Сам Браудер Четвёртый, он же Безземельный Король и Змей Эриндаля восседал возле фальшборта, за небольшим столиком с белоснежной скатертью. Початая бутылка вина стояла на этом столе, и два бокала были подле неё — один, пустой, держал в руках Безземельный Король, а второй, наполненный до середины, стоял без владельца.
Пытаясь соответствовать своему уверенному виду, Риг сел рядом с Королём и, не зная толком, что делать дальше, отпил немного вина из чужого бокала. Интересно, хоть кто-нибудь в действительности отличает одно вино от другого, и хорошее от плохого? Покрутив в руках тонкое стекло, Риг поставил бокал на прежнее место, сказал коротко:
— Спасибо. За помощь, на испытании.
Кнут встал позади него, словно и не старший сын Бъёрга, а телохранитель для младшего брата. К этому невозможно привыкнуть. Сам Короля не поблагодарил, будто его это всё вообще не касается.
— Не стоит благодарности, — улыбнулся Король, взяв оставленный Ригом бокал и сделав маленький глоток. — Уверяю, мной двигали самые корыстные мотивы из возможных.
— И все же я благодарен, — Риг не знал, за какой бокал ему теперь браться, и предпочёл сложить руки на коленях. — Но моя благодарность это все, что я могу предложить, раз уж я не просил об этой помощи.
— Мои новые друзья, лирийские банкиры, скорее назвали бы это инвестициями, а не помощью. А банкиры — худший вид друзей. Особенно лирийские.
— Об этих инвестициях я не просил также, название не меняет сути. Я знаю, что вы сделали, или вернее что сделал ваш бессмертный, повелевающий птицами. И я, и мой брат благодарны.
Риг услышал, как брат его шумно выдохнул носом. Белый Кнут, гордый сын севера, не просил помощи, и не желал жульничать на испытании или в честном суде. Но был рад всё же остаться в живых, а потому держал свои возражения при себе.

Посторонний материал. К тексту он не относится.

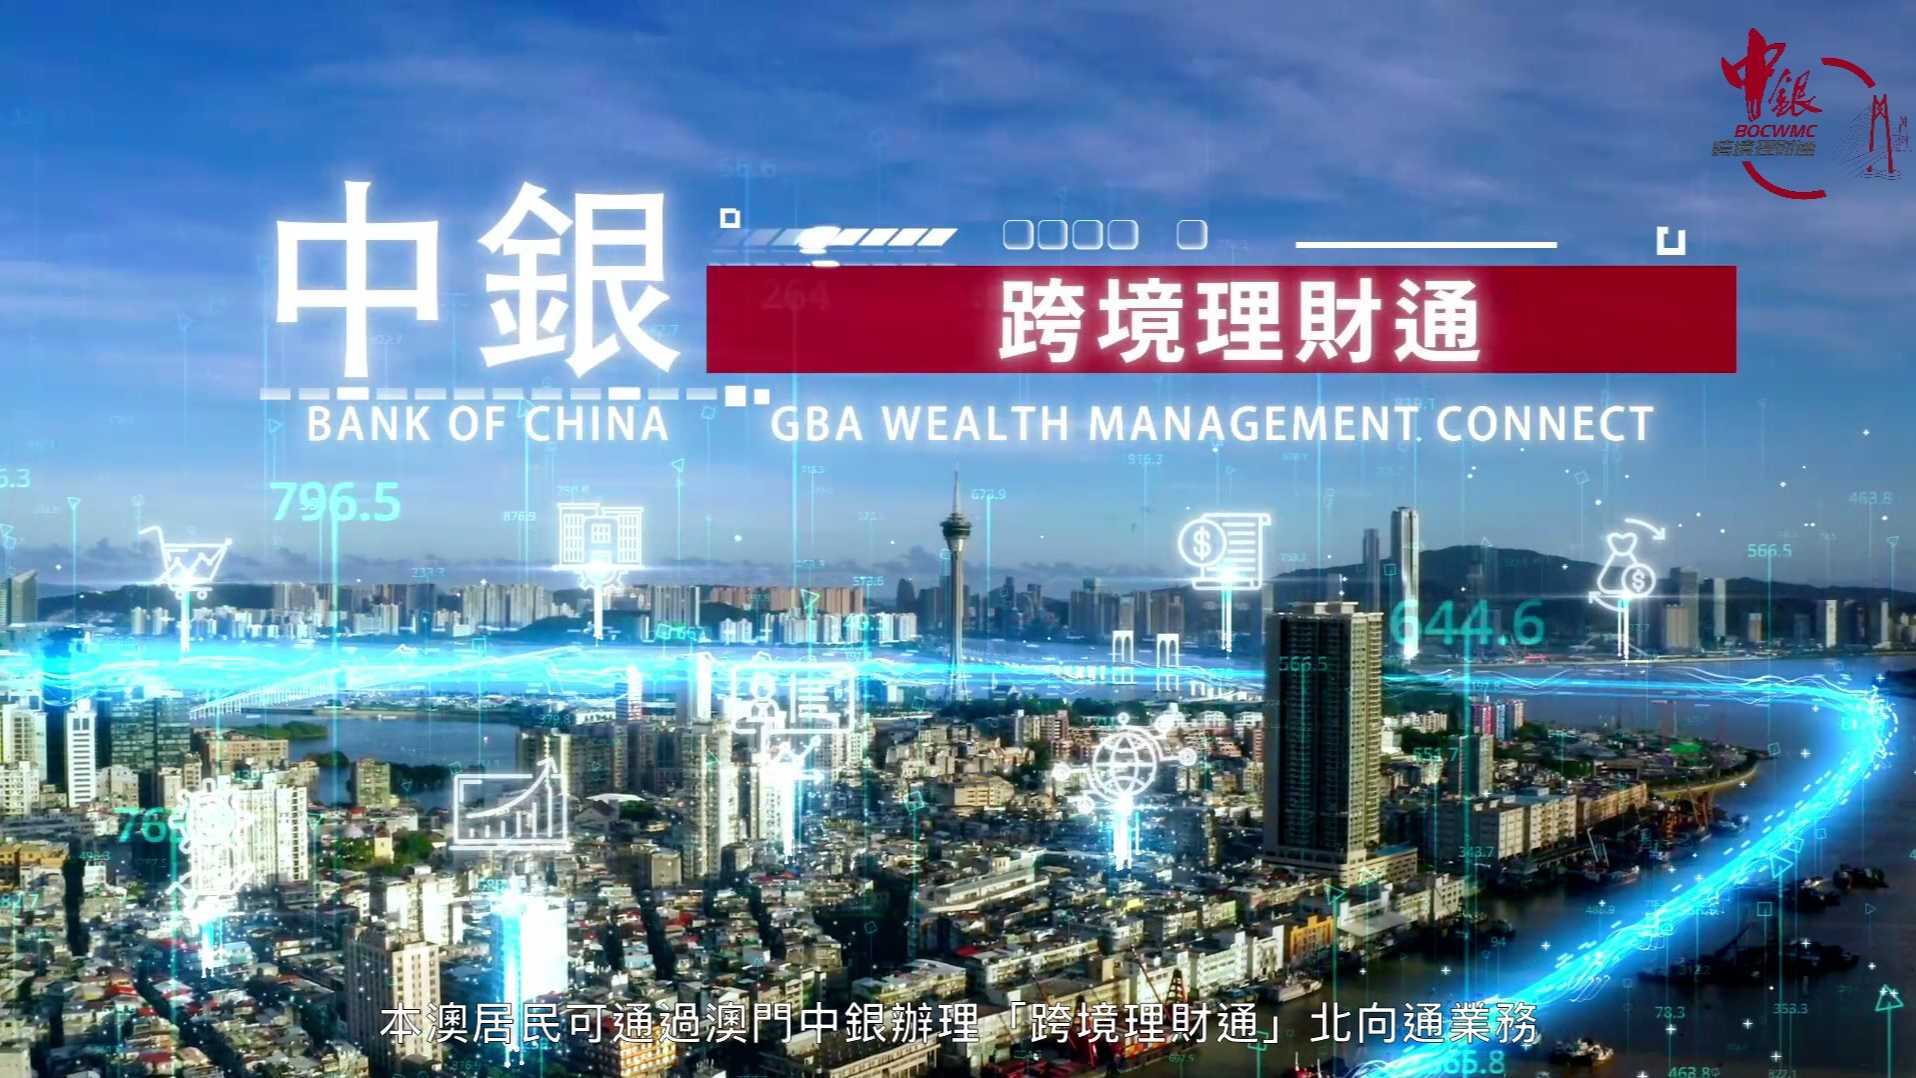 中国银行(澳门)宣传片 - 跨境理财通2021

— В названиях, мальчик с севера, самая суть. Как человек, выросший среди людей с двумя именами, я думаю, ты должен понимать это лучше многих.

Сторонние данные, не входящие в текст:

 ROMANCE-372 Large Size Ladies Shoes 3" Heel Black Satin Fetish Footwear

Используя салфетку, главарь наёмников промокнул губы, свернул её после этого дважды и аккуратно убрал под свою пустую тарелку. В его присутствии Ригу делалось неловко: то, как безземельный Король сидел, как смотрел и как брал бокал — любое его движение или эмоция были преисполнены какой-то внутренней силы и заставляли Рига чувствовать себя простым и неуклюжим, лишним на своём собственном месте. Непривычное чувство.
Сам же Король не подавал виду, что манеры его собеседника, или вернее полное отсутствие оных, хоть как-то задевают его внимание. У него была эта странная особенность со всеми говорить как с равными, но при этом дать понять, что это уступка с его стороны.

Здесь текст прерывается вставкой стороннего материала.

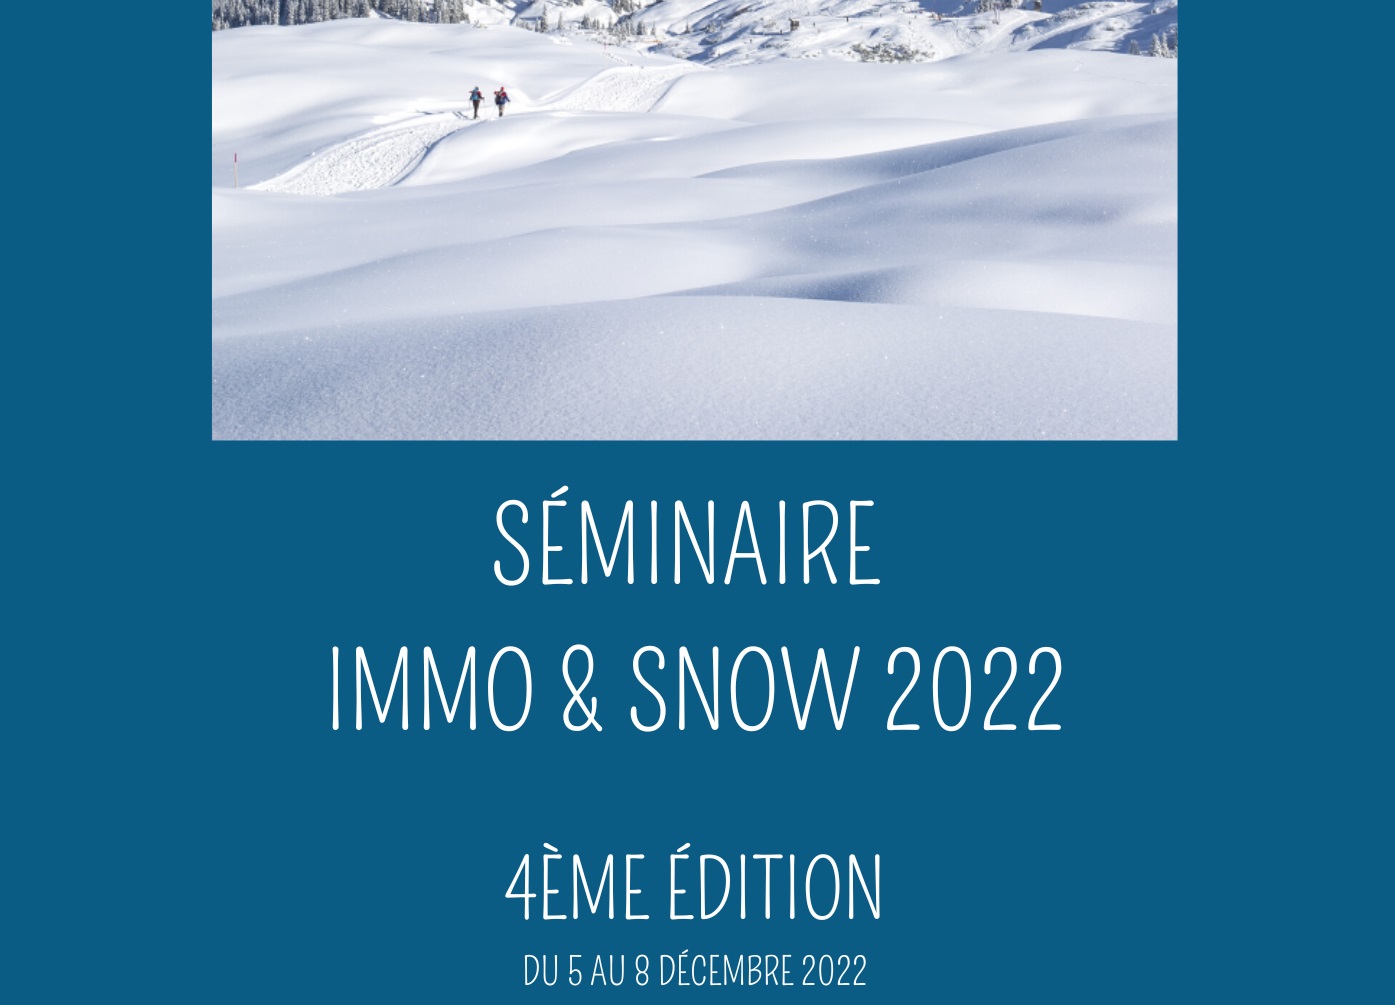 Le séminaire Immo and Snow propose de vous former au pied des pistes

— Однако ты прав, когда говоришь, что мы так и не обговорили цену. С этим делом лучше не затягивать, тем более, когда работа уже наполовину сделана. Итак, сколько ты хочешь за свою помощь?
— Мою помощь? — растеряно повторил Риг.
Нужно было отдать Королю должное — он знал, как перехватить контроль над беседой.
— Твою, и твоего брата. Как я и сказал, его спасение не было благотворительностью, он тоже нужен мне живым. Но я не считаю его отдельной стороной сделки, и договариваюсь только с тобой. Цена, стало быть, будет только одна.